**Contents**
* Loading files and Data Preprocessing
* Baseline Artificial Neural Network
* Evaluate Baseline Model
* CNN, Data Augmentation, & Preprocessing
* Construct CNN
* Evaluate CNN Model
* References

In [1]:
# This Python 3 environment comes with many helpful analytics libraries installed
# It is defined by the kaggle/python docker image: https://github.com/kaggle/docker-python
# For example, here's several helpful packages to load in 

import numpy as np # linear algebra
import pandas as pd # data processing, CSV file I/O (e.g. pd.read_csv)

# Input data files are available in the "../input/" directory.
# For example, running this (by clicking run or pressing Shift+Enter) will list the files in the input directory

import os
print(os.listdir("../input"))

# Any results you write to the current directory are saved as output.
np.random.seed(0)

In [2]:
# Visualization library
import matplotlib.pyplot as plt
# Model for spliting data to training and test set
from sklearn.model_selection import train_test_split
# The Sequential is used to define the machine learning model in keras
from keras.models import Sequential
# The layers that we might need to construct the neural network
# Conv2D and MaxPool2D are used for CNN
# Dropout are used to fight with overfitting
# Flatten is used to transfer the dimension of data so that the data can be
# passed into fully connected network after extracting features from CNN
from keras.layers import Dense, Activation, Conv2D, MaxPool2D, Dropout, Flatten, BatchNormalization
from keras import optimizers
import keras.backend as K
# this model is used to preprocess the label data.

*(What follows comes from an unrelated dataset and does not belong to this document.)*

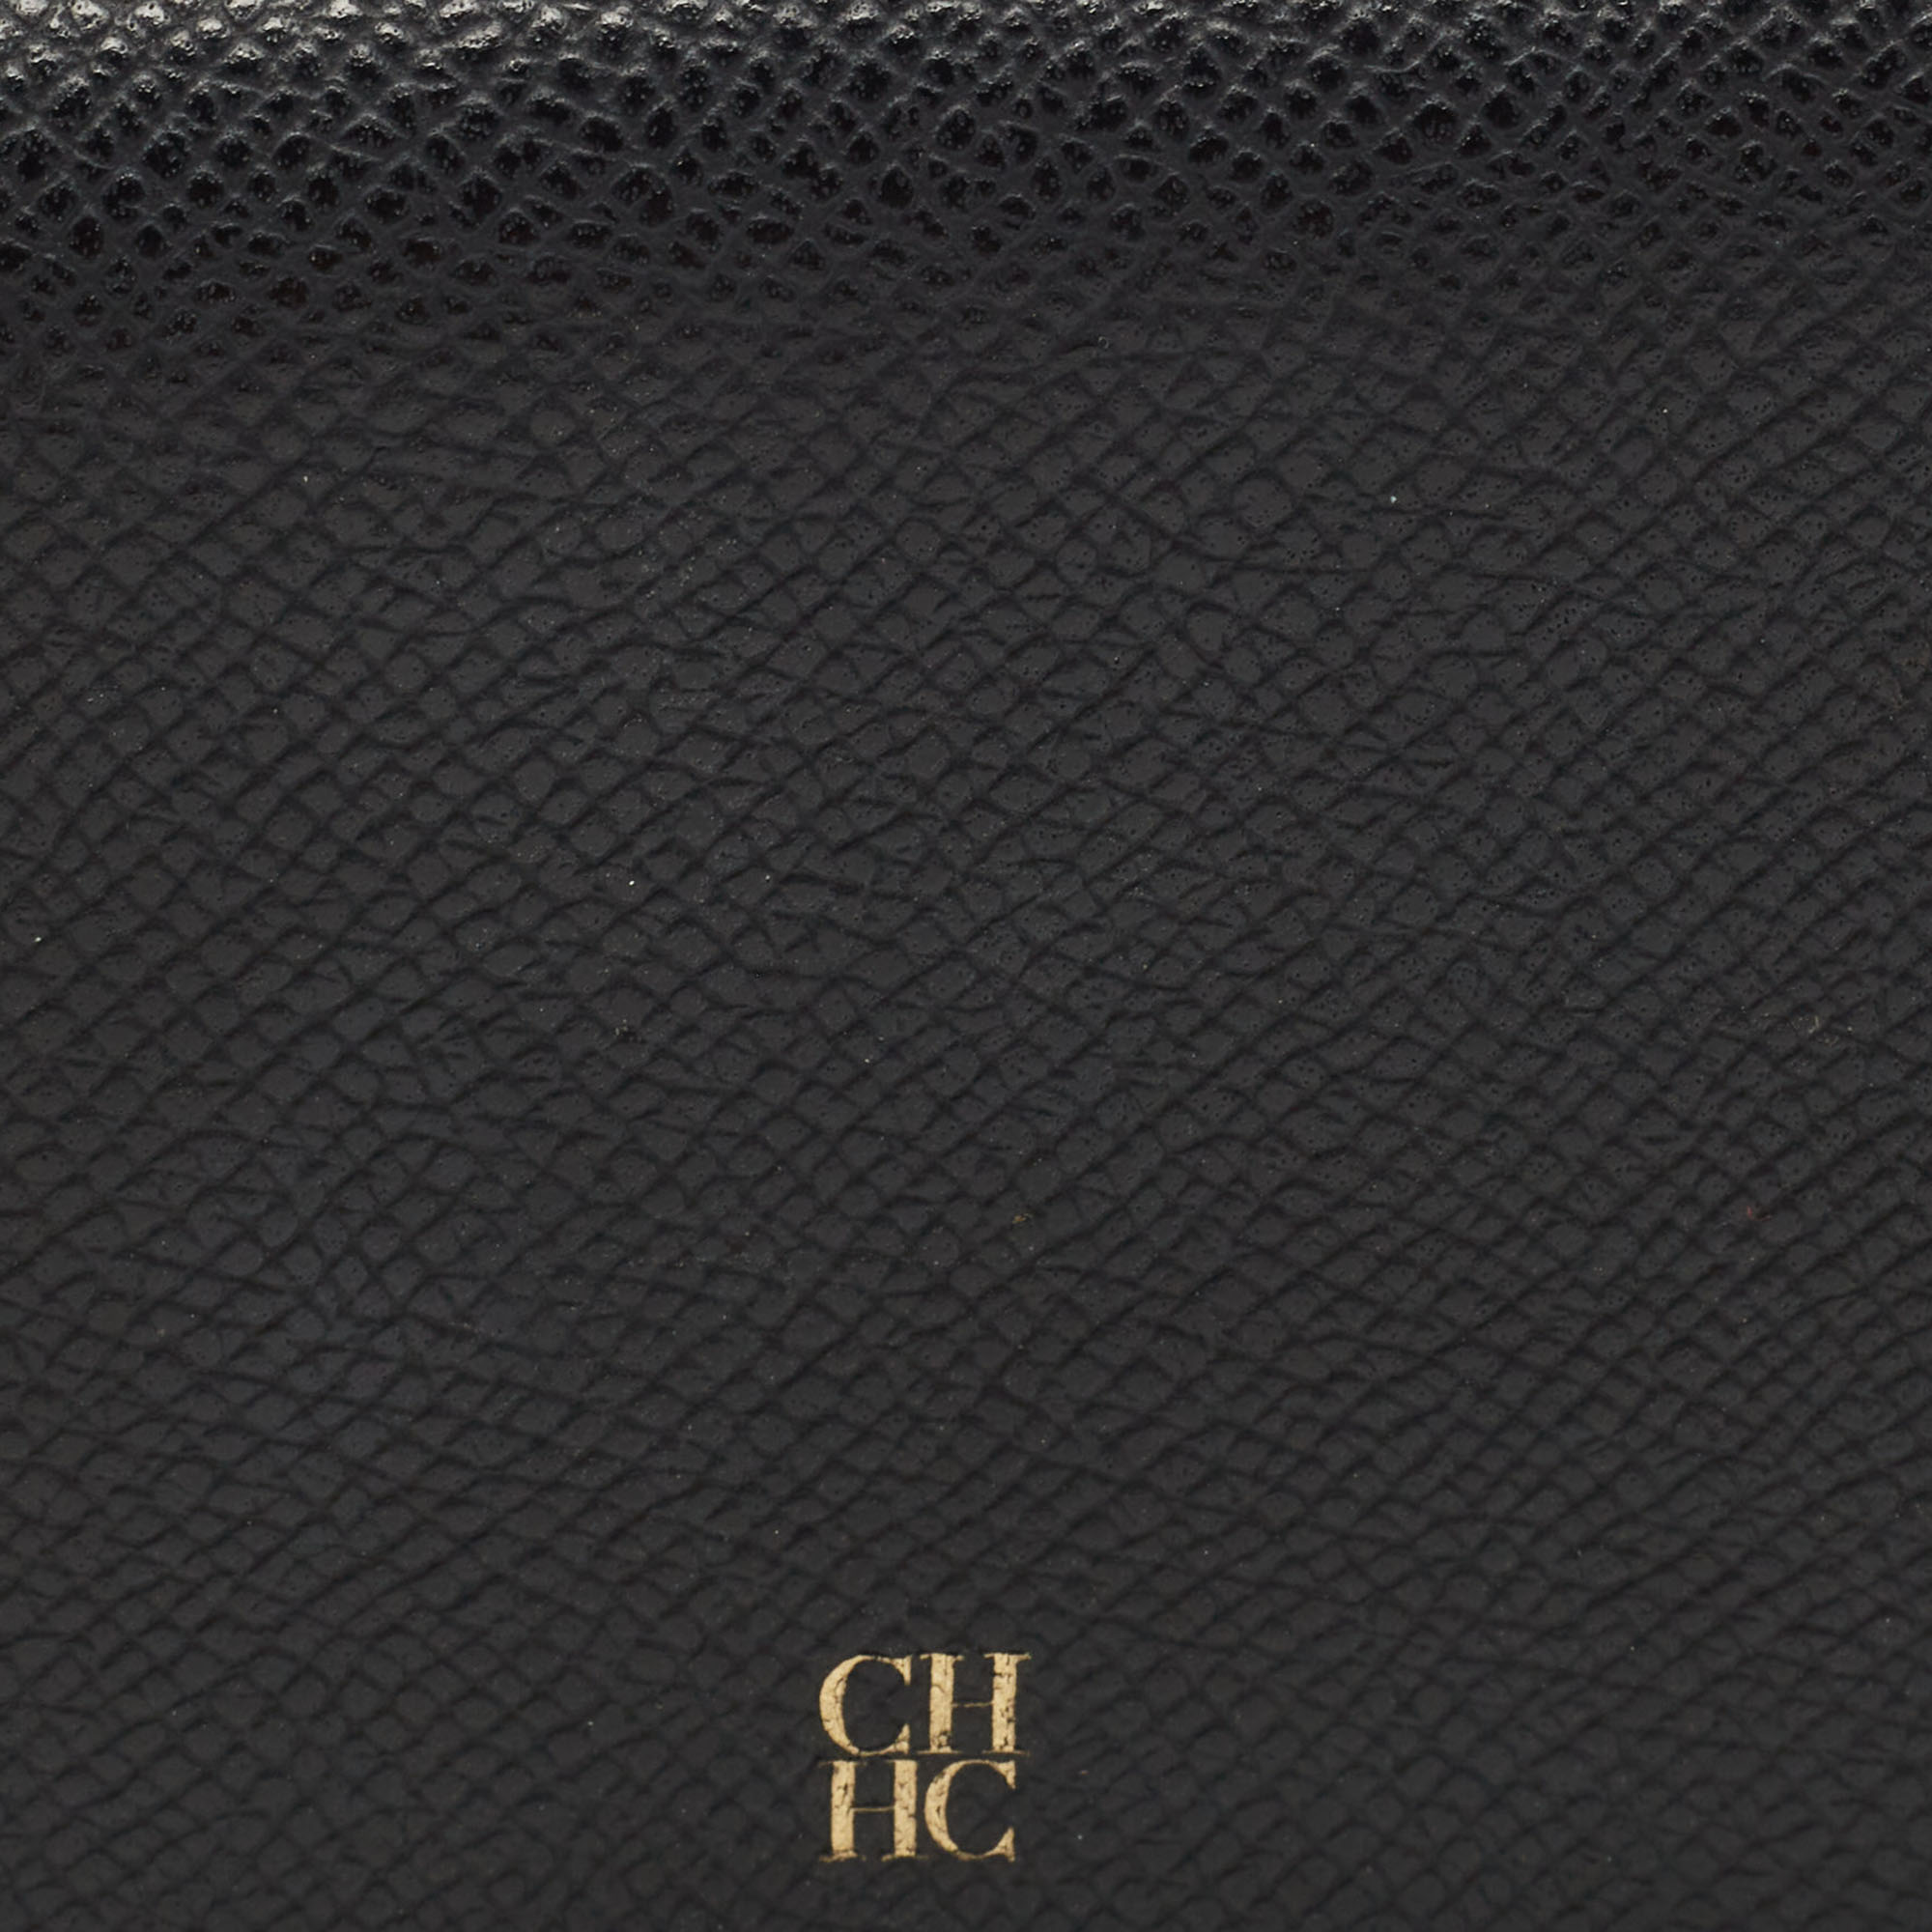 CH Carolina Herrera Black Leather Bifold Wallet

It is a multiclass classification
# problem. We need to use transfer the label like 4,6,1 to something like 
# [0,0,0,1,0,0,0,...], [0,0,0,0,0,1,0,...]
from keras.utils.np_utils import to_categorical

# We might use data augmentation, this model can help us generate augmentation data
from keras.preprocessing.image import ImageDataGenerator
# Adjusting the learning rate during the training process to enhance the convergence
from keras.callbacks import ReduceLROnPlateau

**Loading data from the csv file**

In [3]:
train = pd.read_csv('../input/train.csv')
test = pd.read_csv('../input/test.csv')

**Preprocessing Training Data**
In this step I only use the data from train.csv. By spliting the data from train.csv to train, validation, and test sets, the model can be evaluated before fitting to the test set that is used to submit the result.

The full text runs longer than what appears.